Midnight in Paris (2011)

By Roxanne Downer

Midnight in Paris is a charming new Woody Allen film about nostalgia. I know what you’re thinking. Isn’t a Woody Allen film about nostalgia sort of like a Stevie Wonder song about love? That is to say: nothing new. But for a writer-director holding a lifelong fascination with times and places that may exist only in his mind, this grown-up take on the subject matter is also refreshingly honest.

This time around, Allen leaves his beloved New York City for the City of Lights, Paris. That’s where he’s dropped off leading man Gil (Owen Wilson), a successful Hollywood screenwriter, known more for his hacky crowd pleasers than genuine artistic merit. Gil is on his second visit to Paris, this time with his materially obsessed fiancé, Inez (Rachel McAdams), and her Republican parents (Kurt Fuller and Mimi Kennedy). While there, they bump into Inez’s pseudo intellectual ex-flame, Paul (Michael Sheen). All Inez and the in-laws want to do is shop, eat in Paris’s most posh restaurants, and complain that there’s no place like Malibu. All Paul wants to do is show off his passing knowledge of every topic under the sun with frequent didactic digressions. Meanwhile, Gil, who is struggling with writing a novel about “a guy who works in a nostalgia shop,” wants only to wander the Montmartre, fantasizing about a time when the most creative minds of the Lost Generation kept salons and studios there.

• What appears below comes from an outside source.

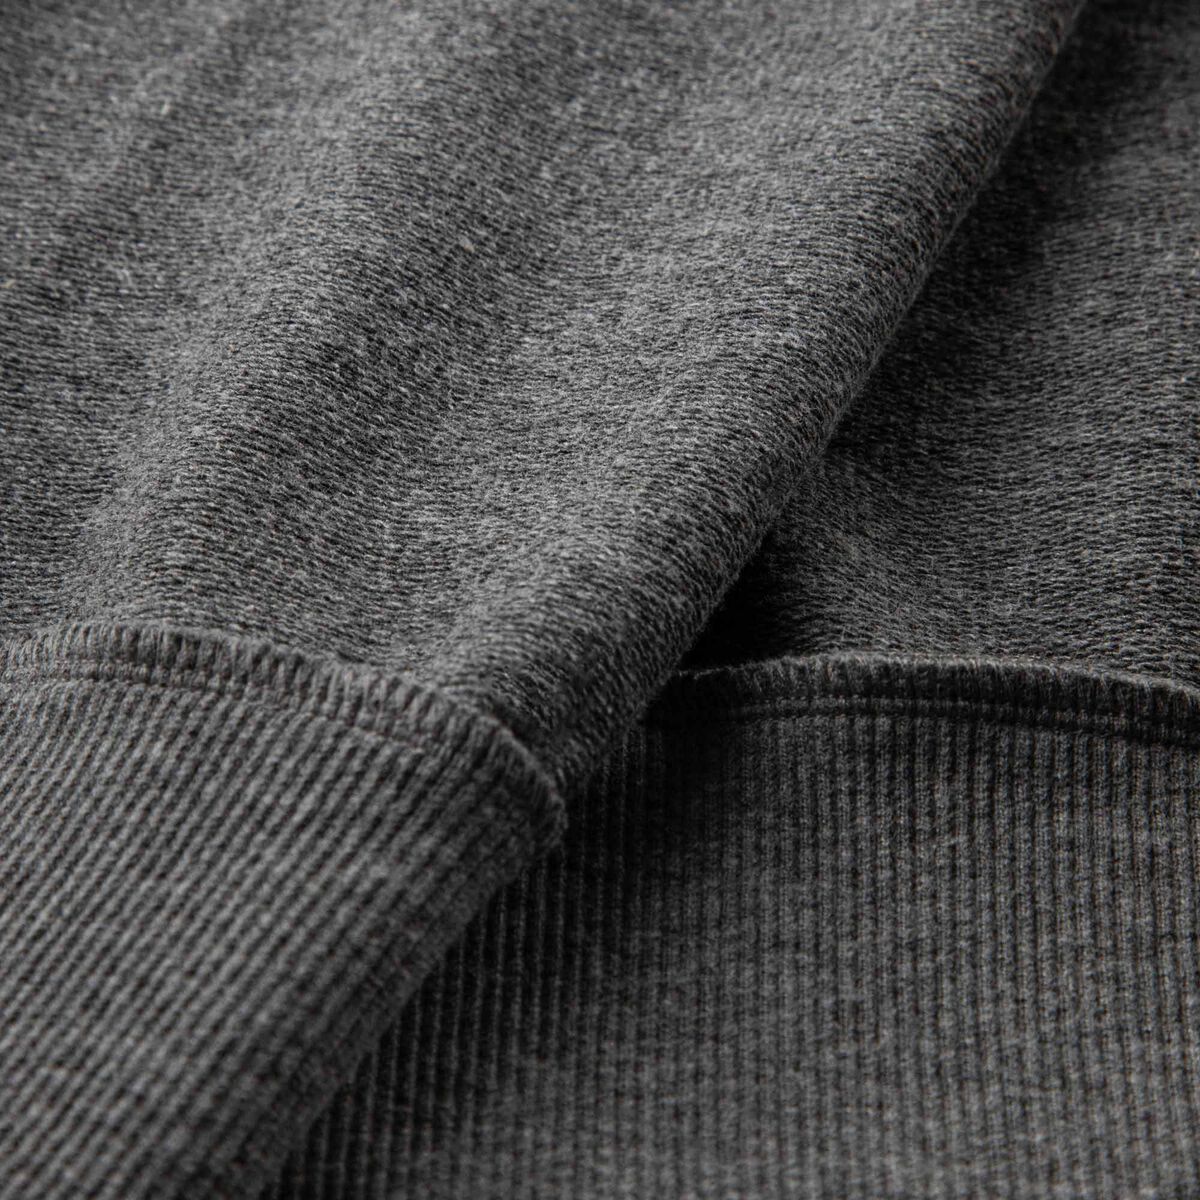 Rossignol Pantalón corto de algodón logo para hombre grey

One night, Gil is doing just that, while Inez has gone off to some hip nightclub with Paul. When the clock strikes midnight, a 1920s Peugeot comes rattling down the cobblestone street and a group of revelers, looking like they’re dressed for a Jazz Age-themed party, jump out and beckon him to join them. The next thing he knows, Gil is at a fete hosted by Scott and Zelda Fitzgerald (Tom Hiddleston and Alison Pill), where Cole Porter is crooning “You’re the Top” and Ernest Hemingway (Corey Stoll) is challenging him to a fistfight.

When Gil wakes in the morning, he’s back in his own time with his own shrewish, soon-to-be wife. But at each stroke of midnight on that winding road, his chariot arrives to transport him back to the Golden Age, bringing him to Gertrude Stein (Kathy Bates), Salvador Dali (Adrien Brody) and eventually the beautiful Adriana (Marion Cotillard). A fashionista trained at Coco Chanel’s bobbin and stolen from Modigliani’s bed by Picasso, this muse knows talent when she sees it. And she falls instantly in love with both Gil and his novel.

As a movie about nostalgia, Midnight in Paris goes whole hog. It starts with Allen and cinematographer Darius Khondji’s (Evita, Seven) sumptuous, doting montage of Paris’s loveliest sites in the sort of bright watercolors that would make even Monet a little weak in the knees. It ends with the Eiffel Tower, all lit up and making the waters of the Seine sparkle like black diamonds below it. In between, every brilliant Cole Porter tune, shimmering flapper costume, sculpted Marcel wave, and overflowing Champagne coupe come together to paint a “gay Paree” so voluptuous, it’s almost pornographic. Heck, even the opening and closing credits–scroll-work surrounded black, stamped with white letters and scored by “Parlez Moi D’Amour”–are more romantic than any film should be able to handle.

But Mr. Allen’s razor-sharp wit and disciplined approach manage to keep all this whimsy from going soggy and limp. Perhaps it’s the way that he pushes Hemingway’s unending machismo just to the edge or makes a joke out of the curious workings of Dali’s mind, but Allen never forgets that this film is a comedy. And his star-studded cast never forgets it, either. Brody, who appears only very briefly, nails Dali with such surreal hilarity that I doubt we could have handled any more. Stoll, Sheen, and Bates also shine.

If you pay attention, the message of Midnight in Paris is that the past is no less ridiculous or shallow than the present; and that the present is no less inspiring than the past if you know how to look at it. In fact, one needs to look only as far as Allen’s own career to see how some things never change. Neurotic schlemiels and bright-eyed ingénues have been the man’s bread and butter for more than four decades. In Wilson and Cotillard, he has struck gold again. If you squint, you would almost swear you were looking at another Woody Allen character named Gil, originally played by Jeff Daniels in the similarly themed The Purple Rose of Cairo (where a movie character steps off the big screen and into real life New Jersey).

Midnight in Paris is not groundbreaking stuff. But it’s sweet and funny without ever once being crass. How’s that for nostalgia?